▽
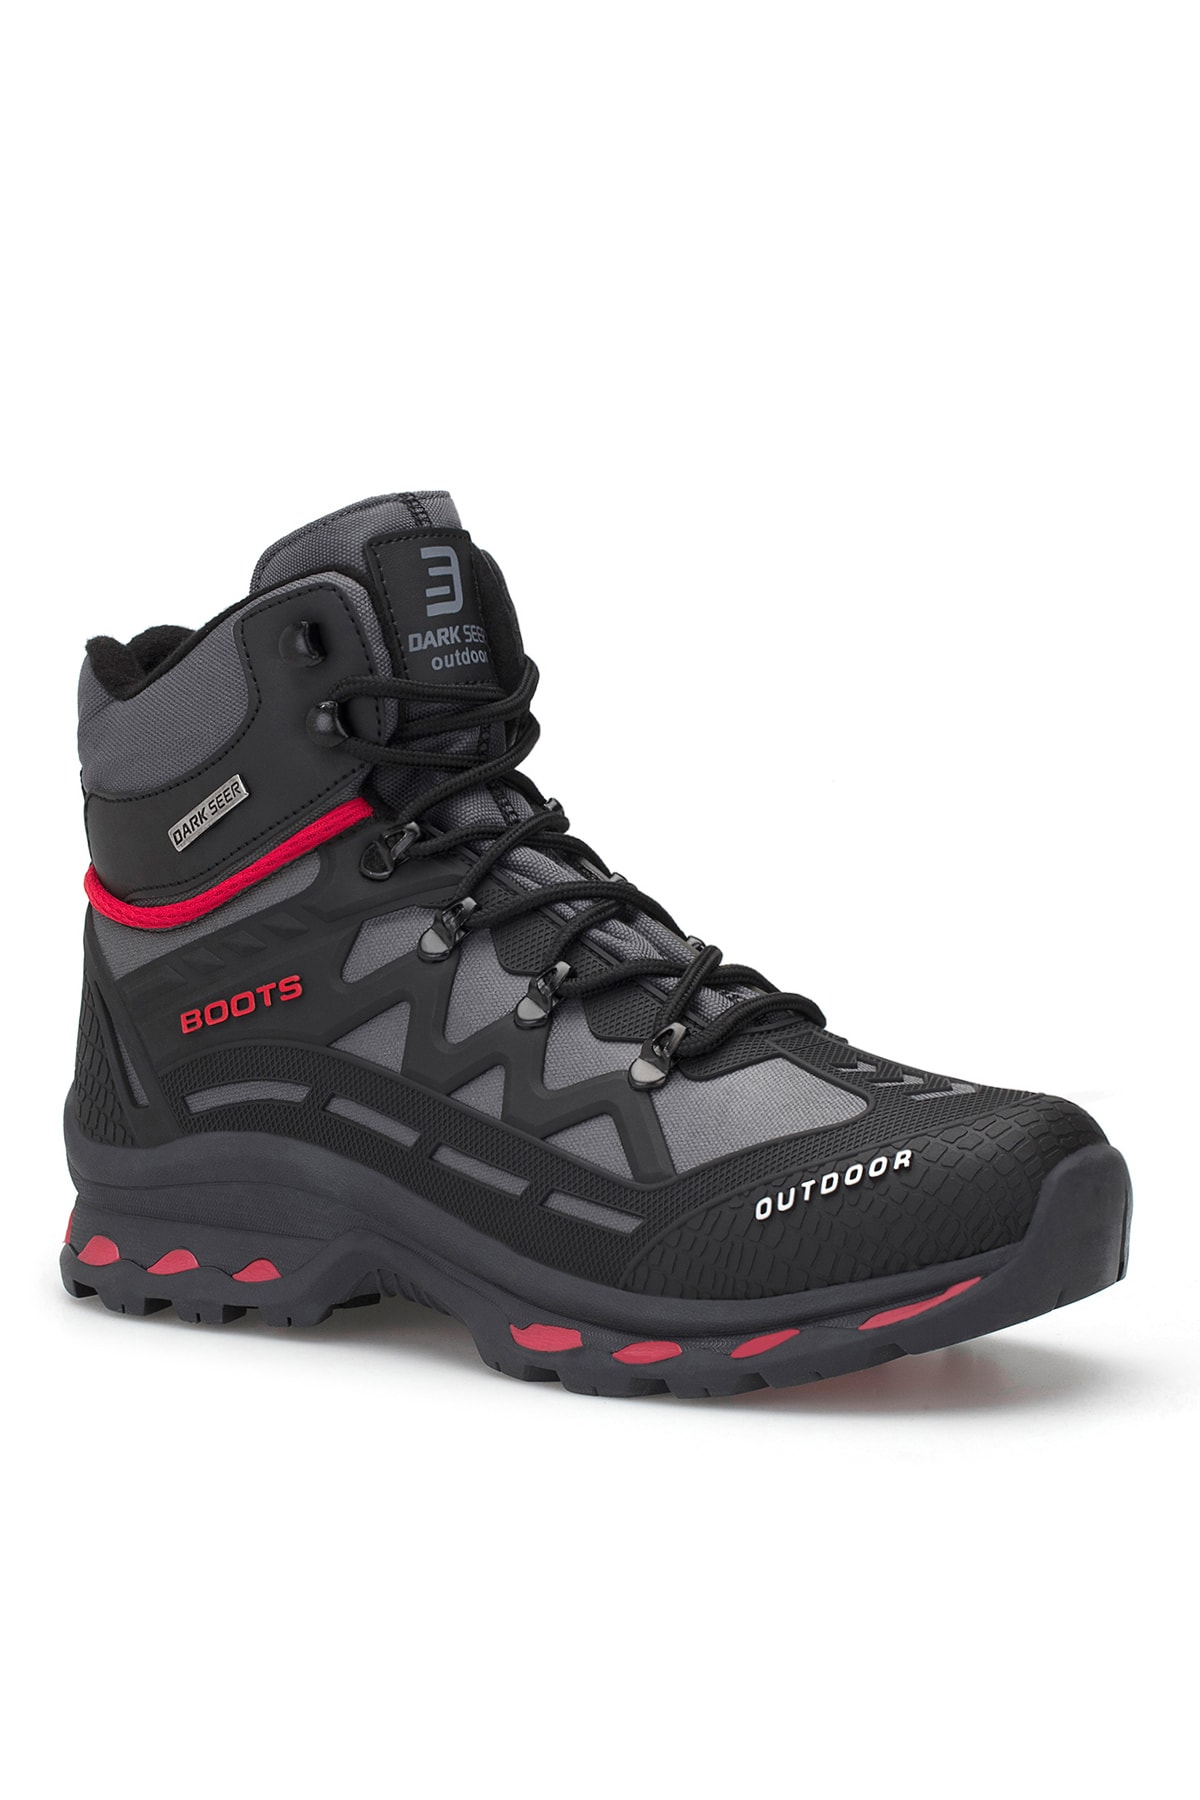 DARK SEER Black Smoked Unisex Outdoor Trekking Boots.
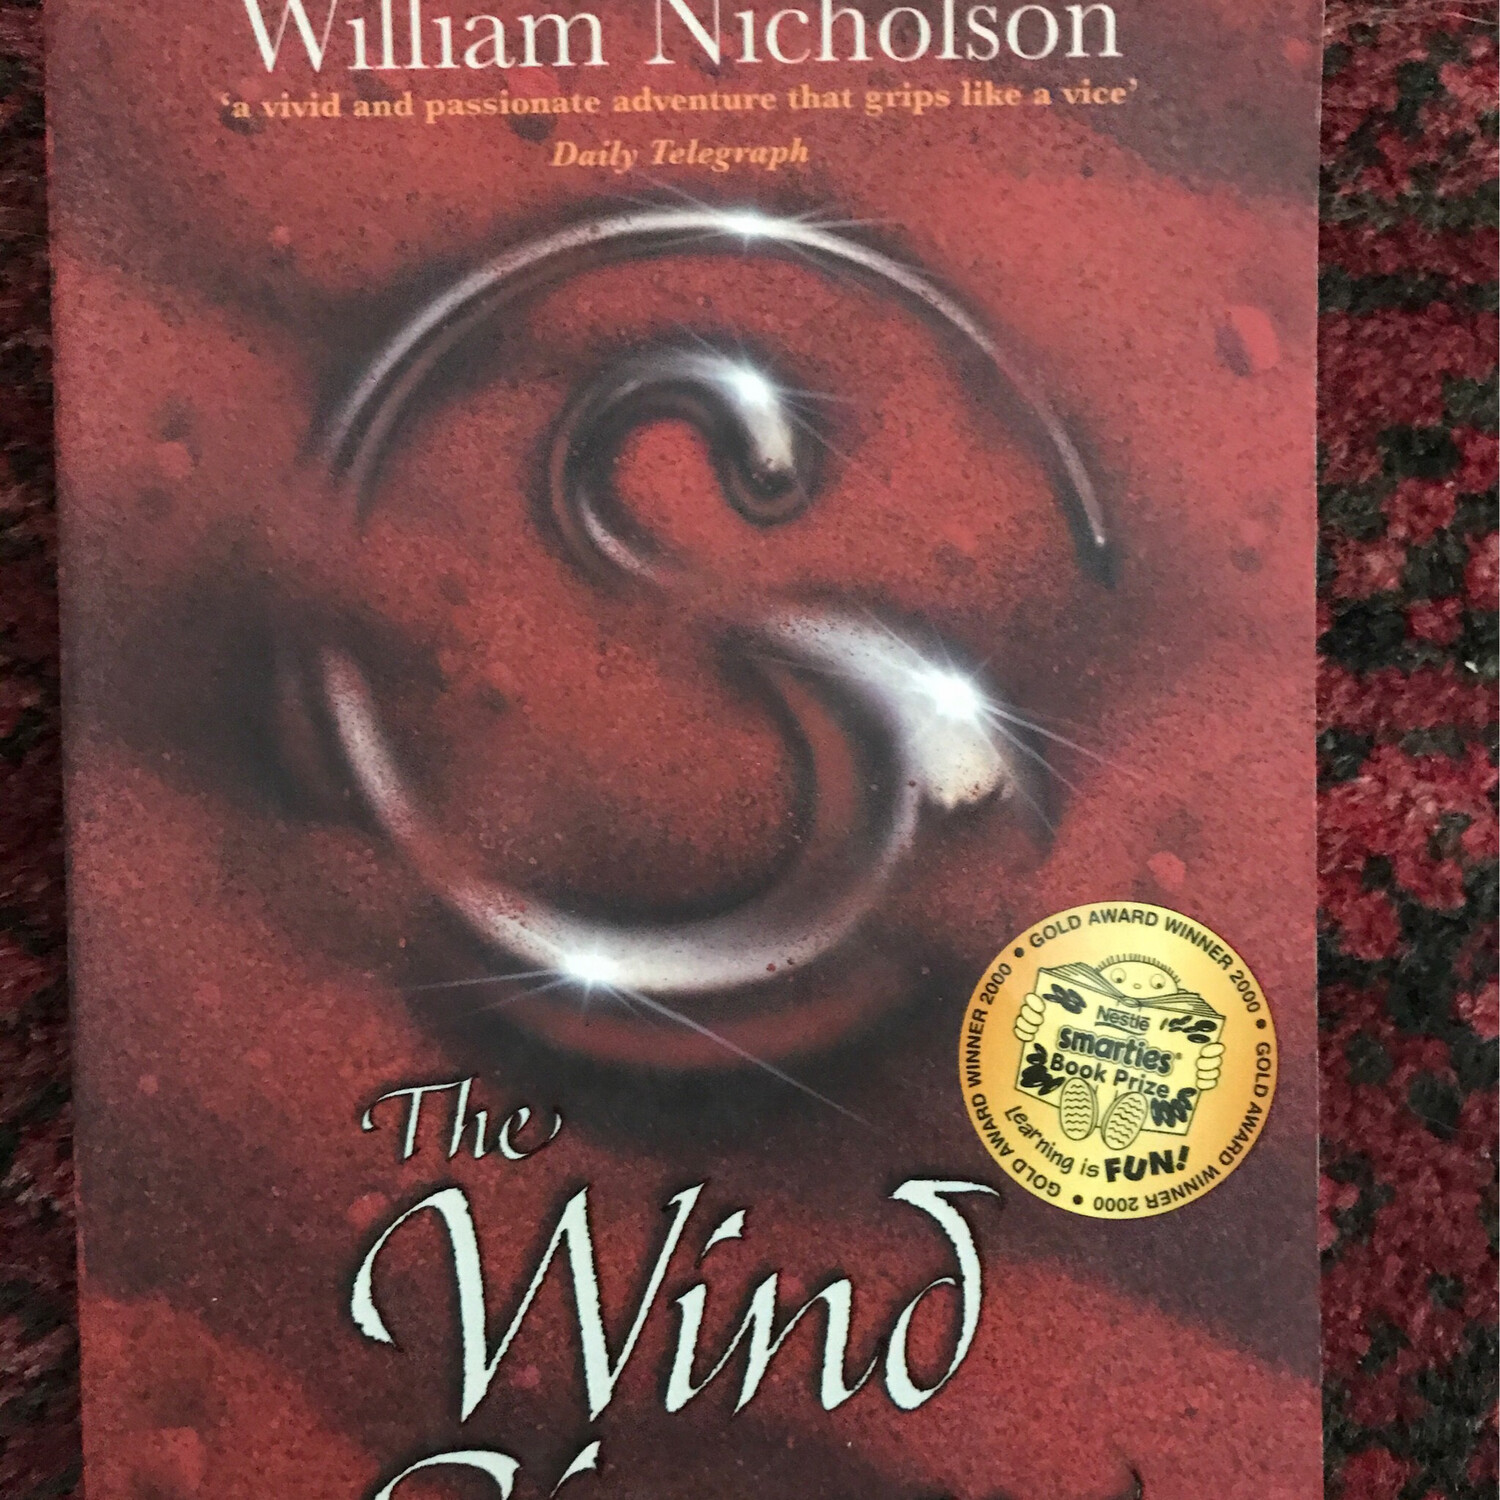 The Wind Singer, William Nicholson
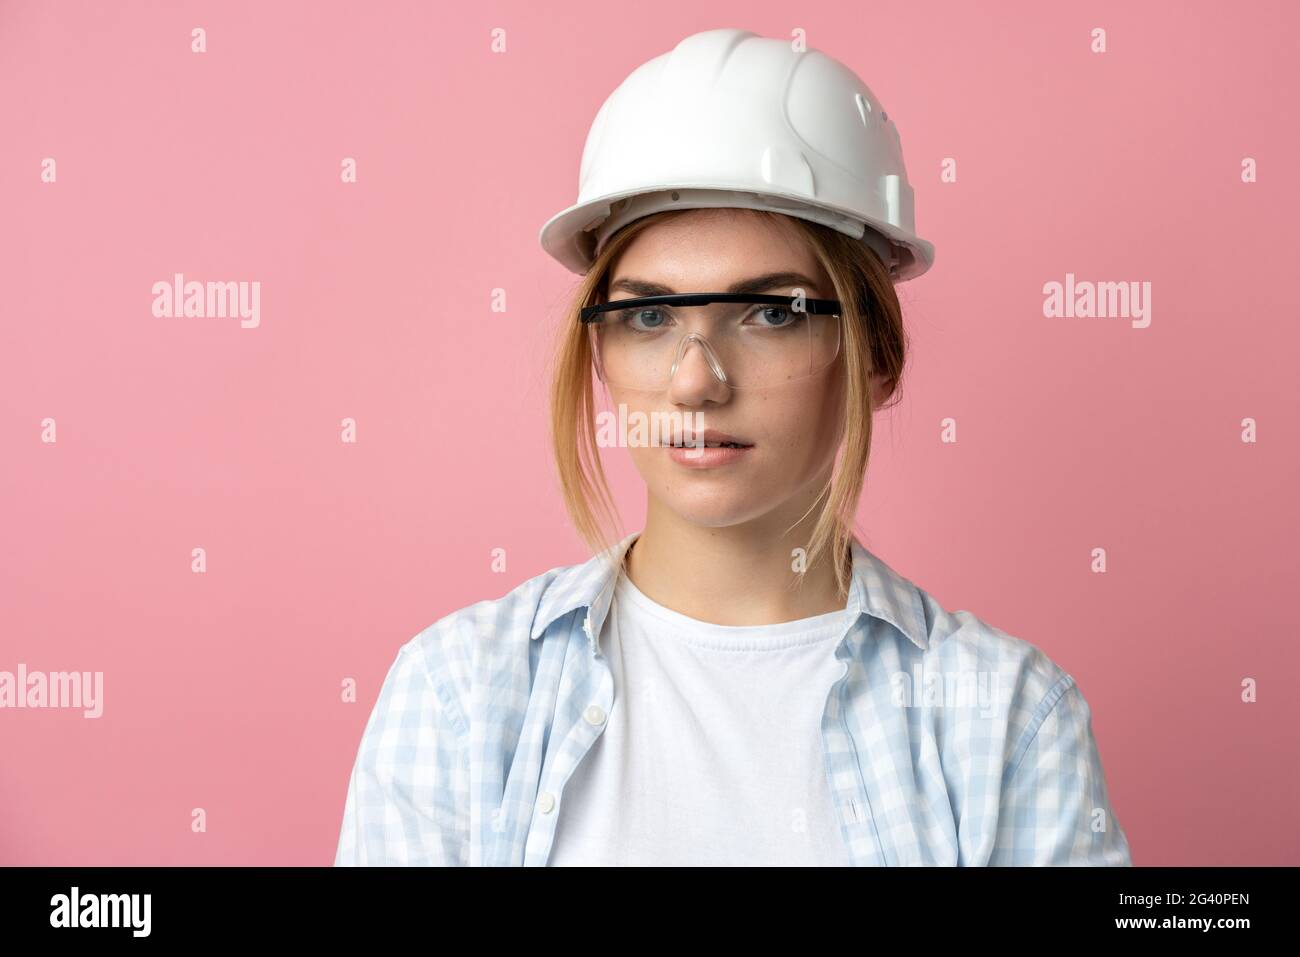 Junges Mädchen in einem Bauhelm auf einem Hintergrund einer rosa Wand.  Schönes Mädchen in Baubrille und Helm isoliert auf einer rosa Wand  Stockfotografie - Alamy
△
What to work on:
Write the listing out exactly, word for word, but omit the pictures.

Written response:
 DARK SEER Black Smoked Unisex Outdoor Trekking Boots.
 The Wind Singer, William Nicholson
 Junges Mädchen in einem Bauhelm auf einem Hintergrund einer rosa Wand.  Schönes Mädchen in Baubrille und Helm isoliert auf einer rosa Wand  Stockfotografie - Alamy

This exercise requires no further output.